First I inverted the vertical piston in a jar of acetone and then after about half an hours soaking cleaned out the ring grooves with a tooth brush. the rings stayed on the piston as I wanted to avoid the risk of breaking them getiing them off. It worked a treat and the rings are now completely free to move.
I bought new gudgeon pin circlips from Moto Rapido and after inserting the gudgeon pin tried to fit a replacement. The one I had removed pinged across the garage striking a few metallic objects ( so at least I know it is not in the bowels of the crankcase) on the way and will never be seen again. I had no intention of refitting the old circlip but I did not have a sample of the old one to compare with the new ones.

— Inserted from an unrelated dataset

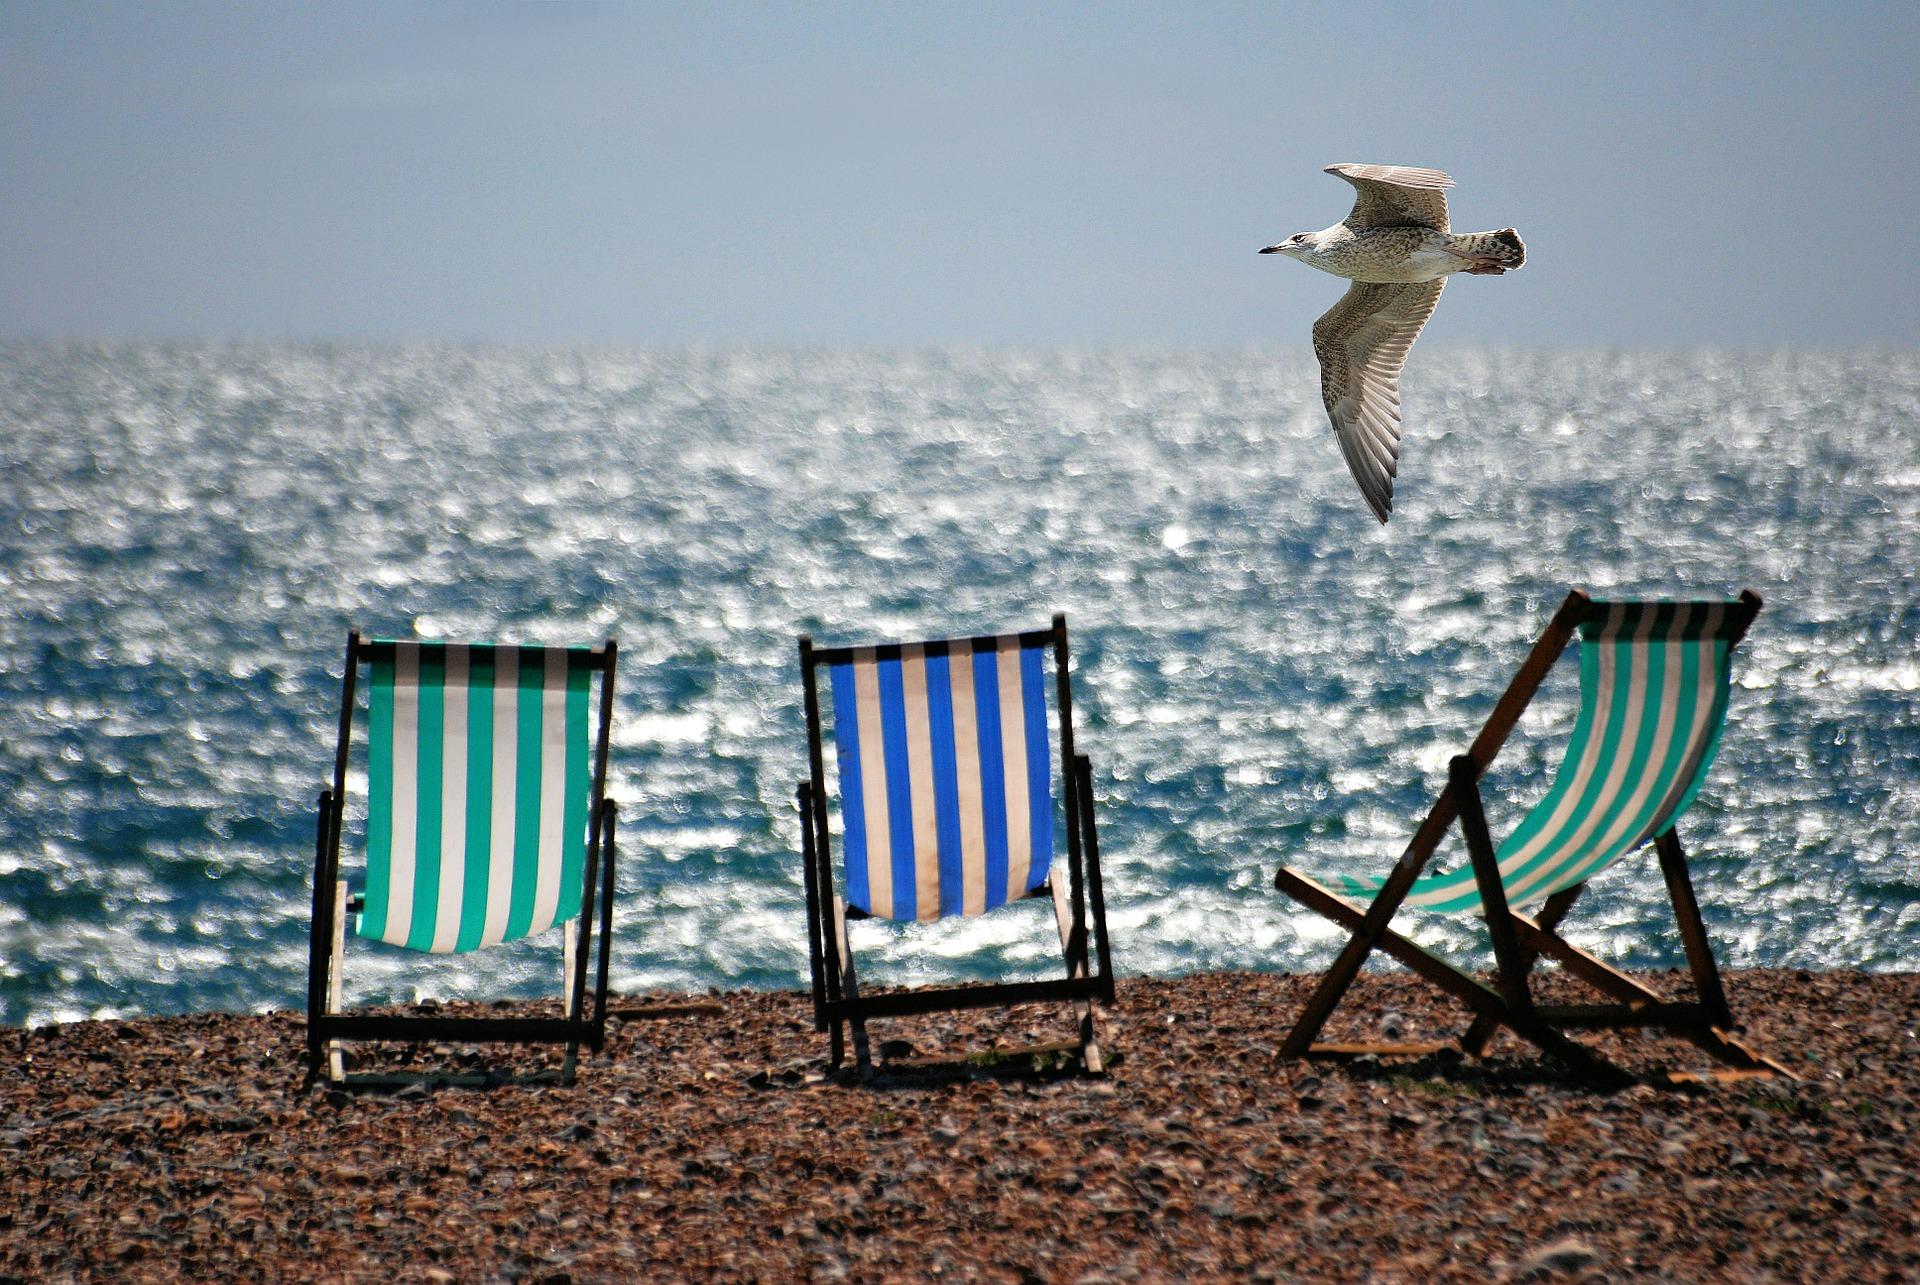 Užijte si léto bez nemocí

After a good hour of struggling and with the crankcase mouth stuffed full of paper towels I still had not manged to get the circlip to engage properly in its groove.
I find when something goes badly it is as well to walk away and do something else for a while then come back to it afresh.
So I moved onto removing the horizontal cylinder.
An hour and a half later the cylinder had risen about 6 mm from its face on the crankcase. Galvanic corrosion between the aluminium barrel and the cylinder head studs was the culprit.
After a lot of tuggung and jiggling and a block of wood and a hide mallet on the cylinder base it eventually came off.
To clean out the stud holes I cut a slot in the end of a length of 8mm aluminium bar and put a strip of emery paper in the slot and reamed the corrosion out of the stud holes with the battery drill.
I then managed to remove one of the circlips from the horizontal piston without it disappearing into the nether regions of the garage.
The fitted circlips and the supplied circlips are not the same at all.
The fitted ones have a 90 degree bend at one end that will engage nicely with the machined indent in the piston adjacent to the circlip groove. The supplied ones have no such bend and are approximately 1mm bigger in diameter than the old one. I think I have the wrong ones.
So all three hours achieved was removal of the front cylinder barrel and a few paint chips on the outside of the starter motor where I resorted to a screwdriver as a lever to remove the barrel.